Nie masz konta? Zarejestruj się

Koniec żwirowni

10.12.2002 00:00
Przedsiębiorstwo Prywatne Żegluga Krakowska do marca 2003 roku musi usunąć wszystkie urządzenia i materiał zgromadzony między wałem przeciwpowodziowym w Gromcu a Wisłą.
Przedsiębiorstwo Prywatne Żegluga Krakowska do marca 2003 roku musi usunąć wszystkie urządzenia i materiał zgromadzony między wałem przeciwpowodziowym w Gromcu a Wisłą. Tak zadecydował starosta Wiktor Cypcar.
Przedsiębiorstwo znane jako żwirownia w Gromcu prowadziło roboty udrożnieniowe na Wiśle. Prace wykonywano na podstawie umowy z Regionalnym Zarządem Gospodarki Wodnej w Krakowie. Oprócz pogłębiania koryta rzeki firma przerabiała wydobyte z Wisły kruszywo i gromadziła je na terenie międzywala. Przeciwko funkcjonowaniu żwirowni protestowało Towarzystwo na Rzecz Ziemi z Gromca. Działacze złożyli wniosek o przywrócenie do stanu poprzedniego zajmowanego przez żwirownię terenu. Umowa pomiędzy firmą a RZGW została rozwiązana na początku lipca. Termin wypowiedzenia minął 30 września. Pod koniec października pracownicy RZGW przeprowadzili wizję terenową. Stwierdzono, że żwirownia usunęła sprzęt pływający. Nie usunęła jednak kruszarki, przesiewacza i innych urządzeń służących do przeróbki wydobytego z rzeki materiału. Podobnie było po oględzinach listopadowych. W oparciu o decyzje RZGW starosta chrzanowski nakazał usunięcie sprzętu i żwiru. W uzasadnieniu decyzji podaje, że materiał oraz urządzenia mogą utrudniać ochronę przeciwpowodziową.
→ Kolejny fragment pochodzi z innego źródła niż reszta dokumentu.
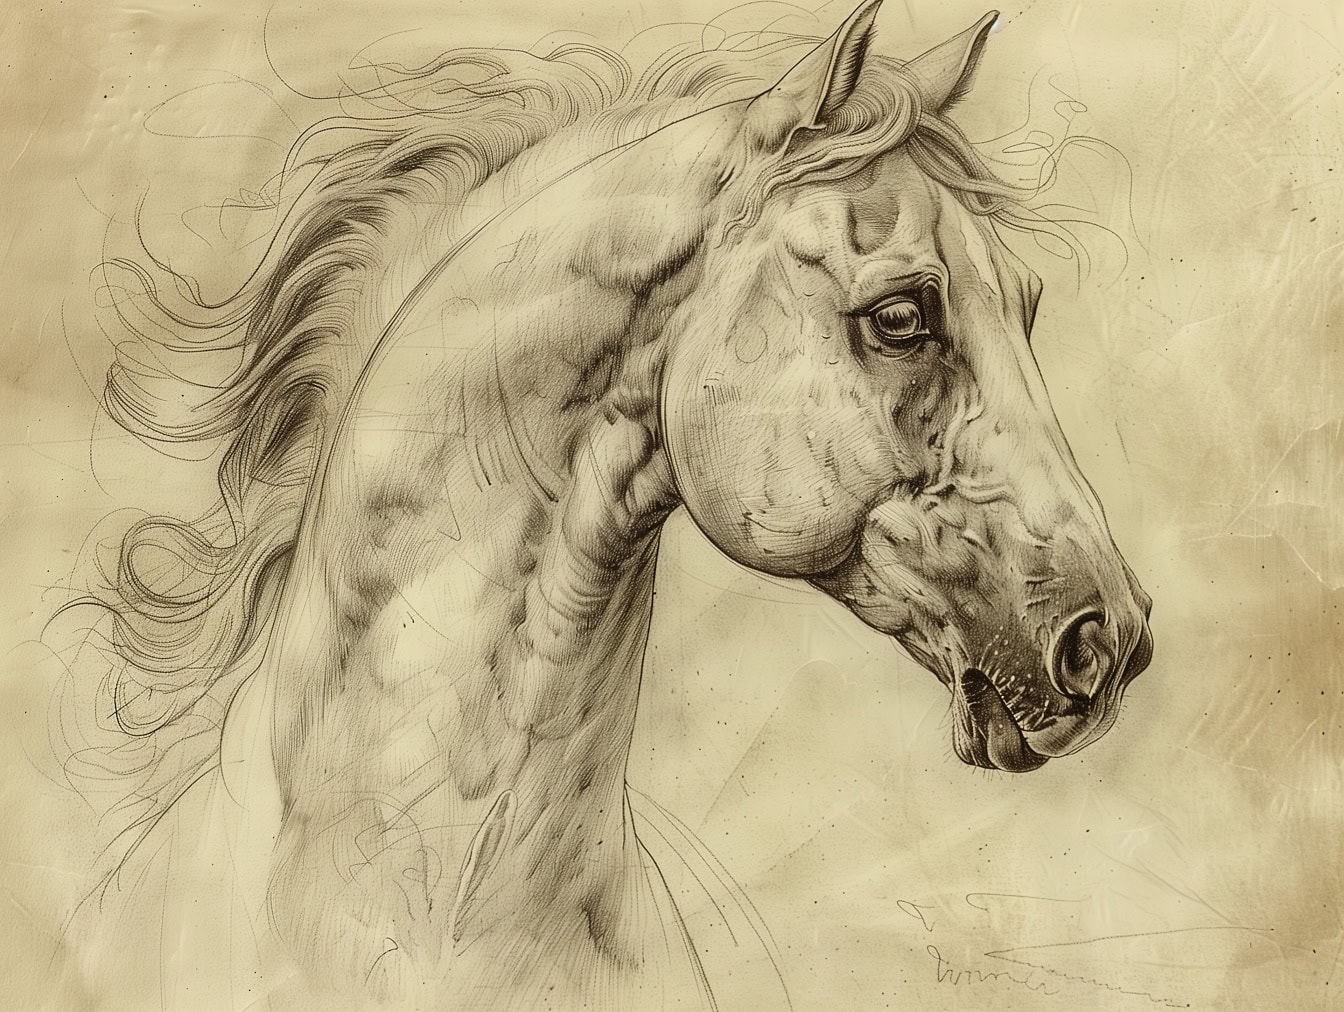 Супер детализированный эскиз головы лошади с деталями носа, рта и глаза жеребца
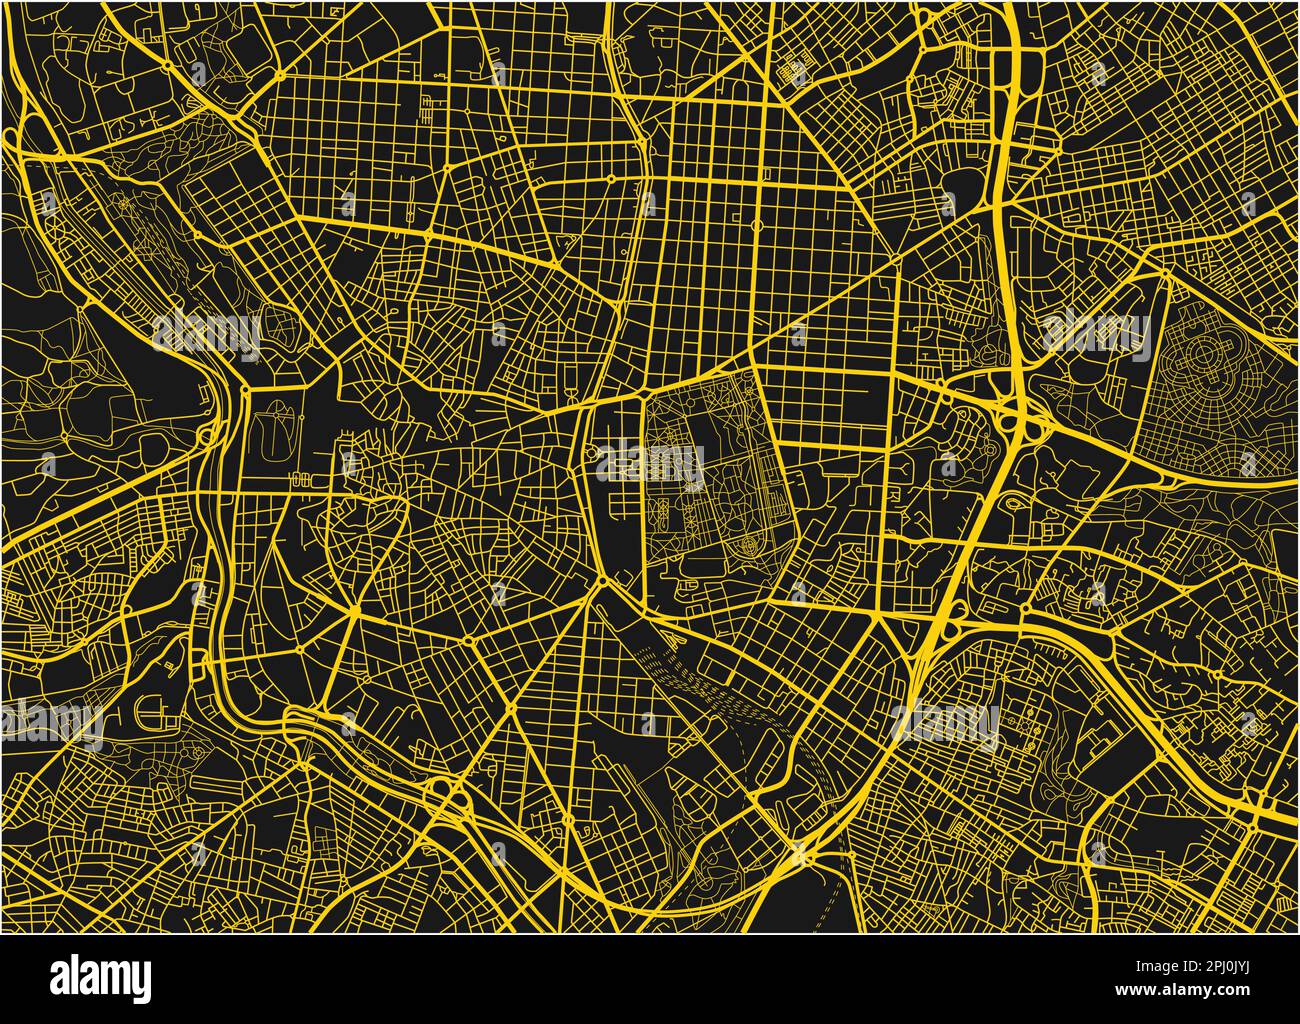 Schwarz-gelber Stadtplan von Madrid mit gut organisierten getrennten Schichten. Stock Vektor

Materiał chroniony prawem autorskim. Prawa autorów, producentów i wydawcy zastrzeżone. Jakiekolwiek użycie lub wykorzystywanie utworów (powielanie, rozpowszechnianie itp.) w całości lub części na wszelkich polach eksploatacji, w tym także w internecie, wymaga pisemnej zgody.

  • Numer: 50 (559)
  • Data wydania: 10.12.02

Kup e-gazetę!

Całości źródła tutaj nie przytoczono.